How much knowledge is necessary? I own the books, but do I possess what is "in" them? Music has so many metaphysical realities, I find. Some of them consist of numbers, alone or in formulas; others are traceries (made by blowing dust into a shaft of light) of waveforms and other typically invisible motions; others are purely historical, costumed tableaus whose anachronistic perseverance is interpreted as a kind of immortality; while still others are planes and colors like those that Kandinsky distilled from the air vibrating around him. I am convinced it is folly to seek a unification of these things. I also see the virtue of dispersing one's understanding of it "all". That which refuses to cohere can never be conquered.
Besides, there's a more practical difficulty here. Reading often forms a glut that blocks one's writing.

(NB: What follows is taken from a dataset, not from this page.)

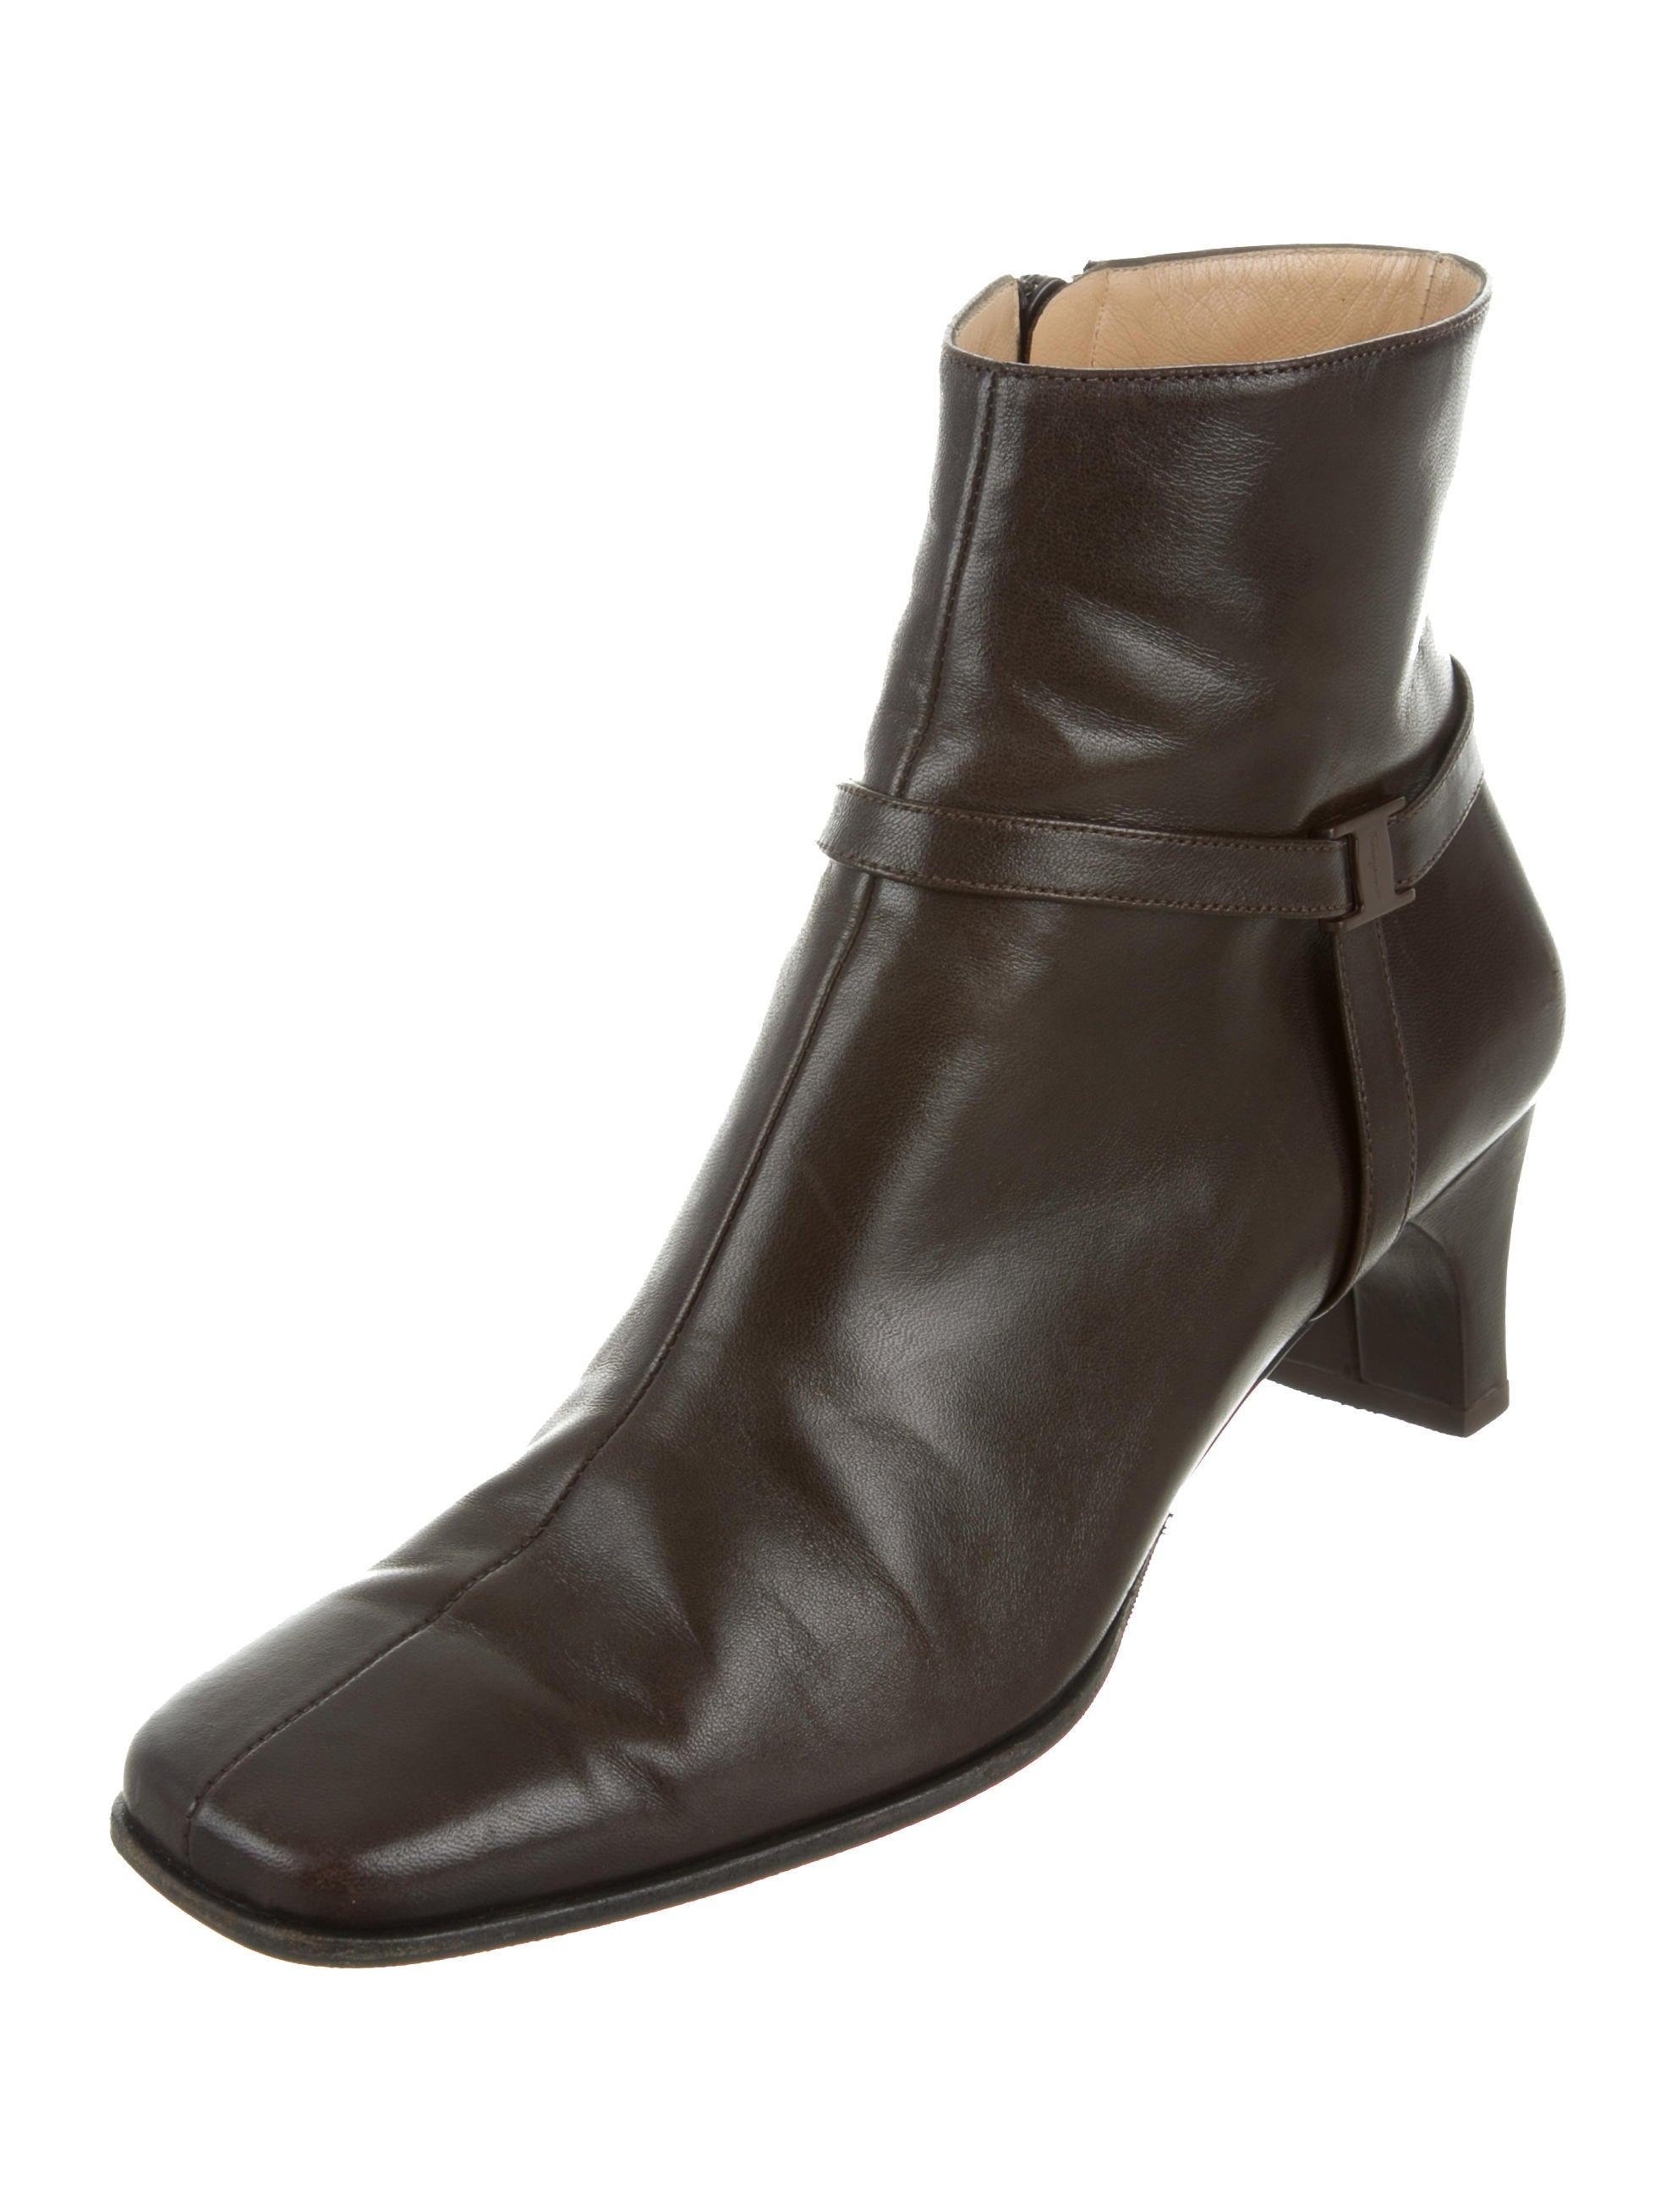 outlet for sale Salvatore Ferragamo Leather Square-Toe Boots exclusive online cheap purchase zZezLs4VsH

The writing life too easily slips into a certain rhythm: wild vascillations between being in the world and being out of it, or hungrily accumulating interactions and then longing for the solitude in which to make sense of them. Writer's block -- which is not my real subject here, honestly -- may just be a symptom of information overload. Too much data. The mother board becomes heavy and obdurate and black with the carbon discharged from too many made connections. Cut, splice... contemporary musicians understand these procedures well, and they understand how vital, perhaps even universal, they are as activities, much as "play" is… but are the cords of thought infinite in their divisibility?